The Brand Portfolio Softens the Shock
The Sidemen were less fragile on May 31 than they would have been five years ago because the income story no longer sits only on video ads. Companies House lists Sidemen Clothing Limited’s company filing as incorporated on 30 December 2014, which is a reminder that merchandise was built into the group early, rather than bolted on after streaming money arrived.
- Clothing turns fan identity into repeat purchases, especially when the channel is quiet between weekly uploads.
- Food and drink brands move the relationship into shops, delivery apps and social posts that do not require every founder to appear.
- Live football events create one-day spectacles where guests, charities and outside creators can carry part of the draw.
- Subscription and streaming formats give the group products that can be scheduled around production cycles rather than weekly improvisation.
That portfolio does not make the exit painless. It does make the group less dependent on a single AdSense curve. The remaining members can now protect the Sunday upload while the wider company leans harder into branded goods, paid formats and live events.
Audience Trust Becomes the Hardest Asset
The obvious danger is that every coming video becomes a referendum. If views hold, the group will claim continuity. If comments obsess over the missing seventh seat, even strong videos may read as transitional. The first few uploads after an exit are less about concept quality than audience permission.
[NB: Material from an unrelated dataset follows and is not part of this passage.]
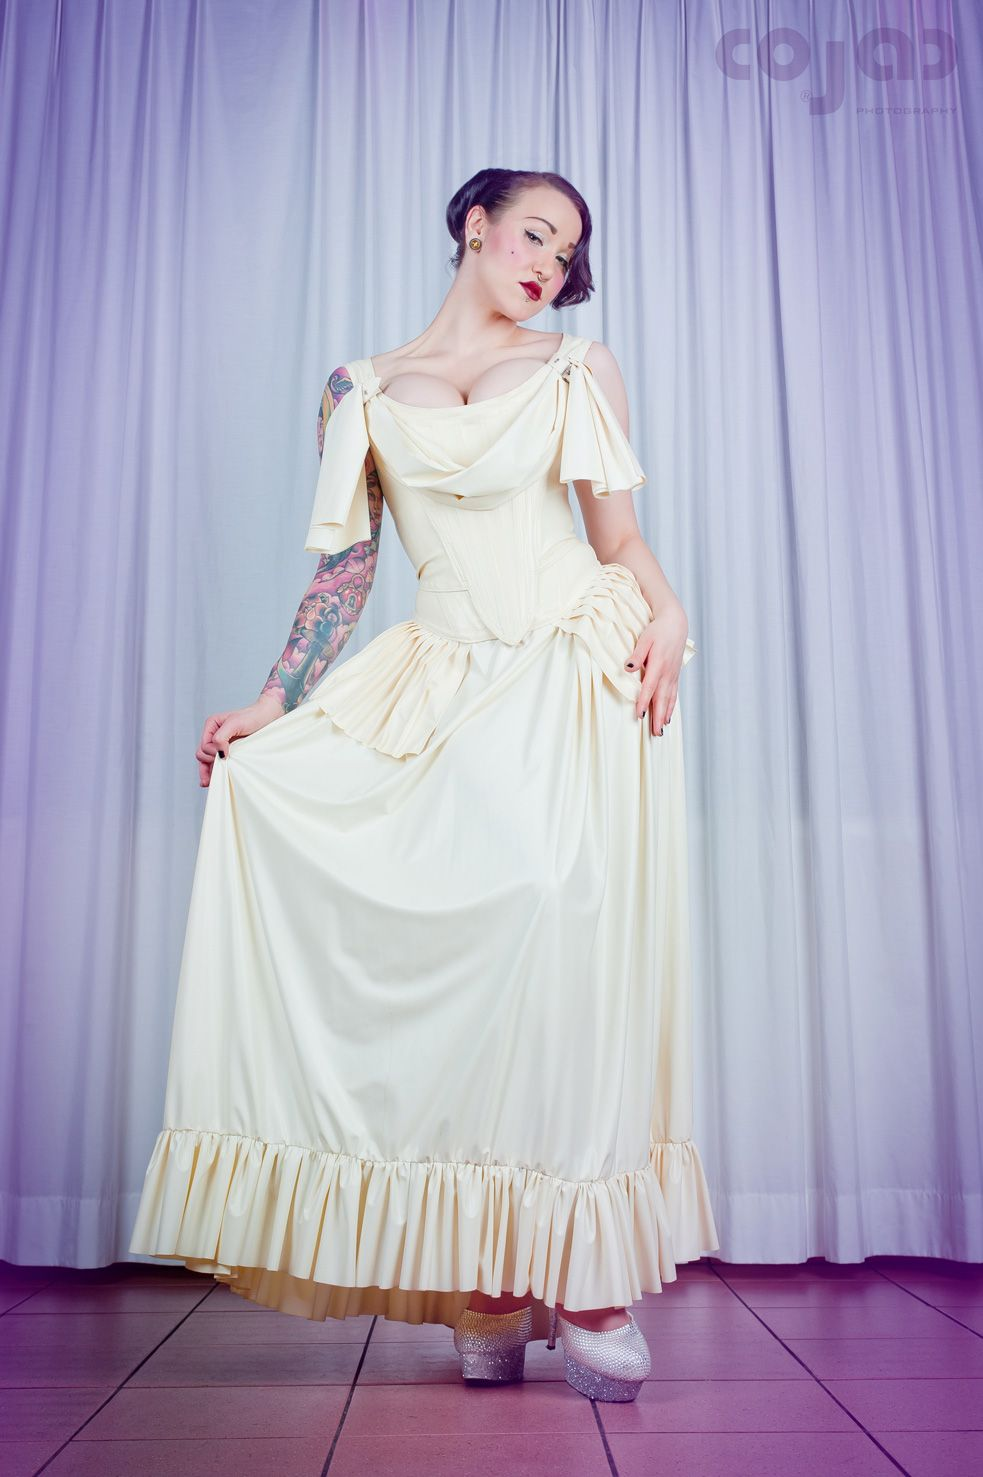 Excepcional Wedding Dress Fetish Bosquejo - Ideas de Estilos de ...

Fans will also watch for tone. A tribute-heavy reset could make the group look sincere but stuck in the past. A cold jump into normal service could protect momentum while irritating viewers who wanted a goodbye. The cleanest path is probably a short acknowledgment, then confident content that does not ask the audience to pretend nothing changed.
Olatunji has left the remaining six with a strange gift. By naming workload and family rather than scandal, he reduced the appetite for a public feud. By leaving at peak scale, he forced the group to answer the only question that matters for a creator company: can friendship become an institution without draining the people who made it valuable?
If the next stretch of Sidemen Sundays feels like a different mix rather than a depleted one, May 31 becomes a succession date. If the rhythm turns cautious, the exit will mark the first real stress test of the creator company era.